On user mailboxes (per-recipient SCL configuration) You can use the Set-Mailbox cmdlet to set per-recipient SCL delete, reject, and quarantine thresholds on individual user mailboxes. As mentioned earlier in this topic, you set the SCL Junk E-mail folder threshold on individual user mailboxes by using the Set-Mailbox cmdlet. The per-recipient SCL delete, reject, and quarantine thresholds are stored in Active Directory and are replicated to the Edge Transport servers by the Microsoft Exchange EdgeSync service. The per-recipient SCL threshold configurations are used by the Content Filter agent even if you have set per-transport server SCL configurations. Therefore, if you have set per-recipient SCL thresholds, the Content Filter agent uses the per-recipient SCL thresholds for specific users instead of the SCL configuration on the Content Filter agent.
Note
Per-recipient SCL thresholds are not enforced on mail received through distribution groups. These types of messages are rejected at the Transport server before the per-recipient threshold settings are applied. Additionally, if you're using Microsoft Forefront Protection 2010 for Exchange Server, any per-recipient SCL threshold settings replicated to the Edge Transport servers by the Microsoft Exchange EdgeSync service will take precedence over the Forefront anti-spam settings.
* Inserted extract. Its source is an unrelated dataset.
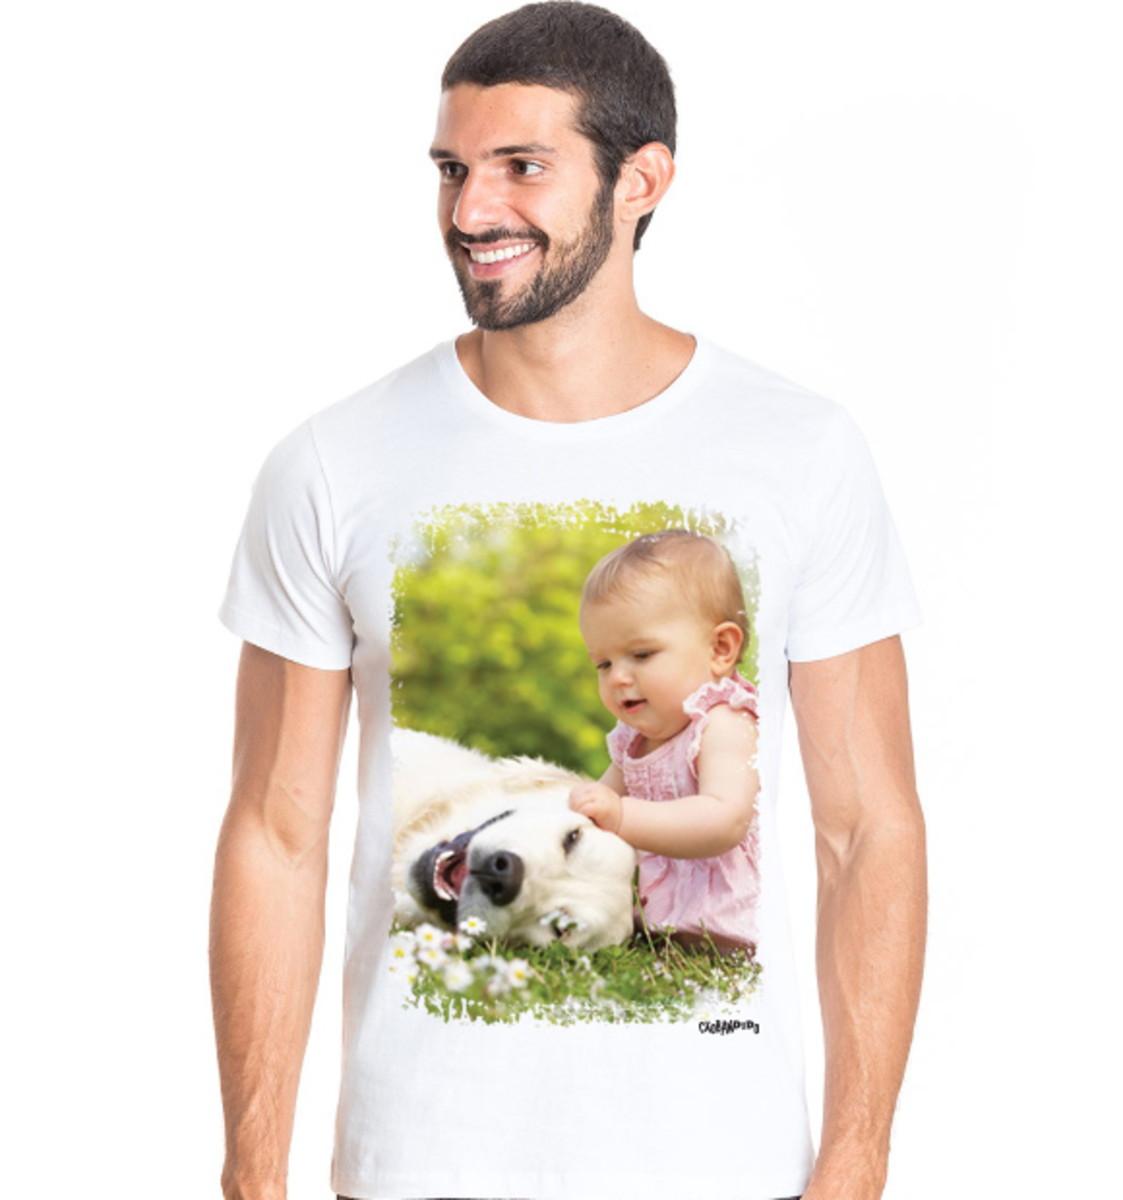 94bc7afa2 Camiseta Personalizada com Foto do seu Cachorro no Elo7

For more information about how to use the Set-Mailbox cmdlet, see Set-Mailbox.
Best Practice for Setting Up and Adjusting SCL Thresholds
We recommend that you set up and adjust the SCL thresholds as follows:
- Enable the SCL delete, reject, and quarantine thresholds on the content filter configuration on each Edge Transport server. We recommend that you start with the default values for these SCL thresholds. The default values were set by the Exchange Server team according to real-world data from the Microsoft IT messaging department and from Exchange 2010 early adopter feedback. The default values are optimized for large, global enterprise deployments. For more information about how to set the SCL thresholds on the content filter configurations, see Configure Content Filtering Properties.
- Enable and configure per-recipient SCL thresholds. At a minimum, you should enable and set the SCL Junk E-mail folder threshold on each user's mailbox. You can also configure the SCL delete, reject, and quarantine thresholds on a per-recipient configuration. Also, you can set exceptions on each user's mailbox so that messages to that mailbox bypass all anti-spam scanning on the Edge Transport server.
- Monitor spam reports and logs closely for the first week after you enable the SCL thresholds. If the data indicates that you must make immediate adjustments, reconfigure the SCL thresholds. Otherwise, collect data and analyze the spam reporting to determine whether adjustments are required.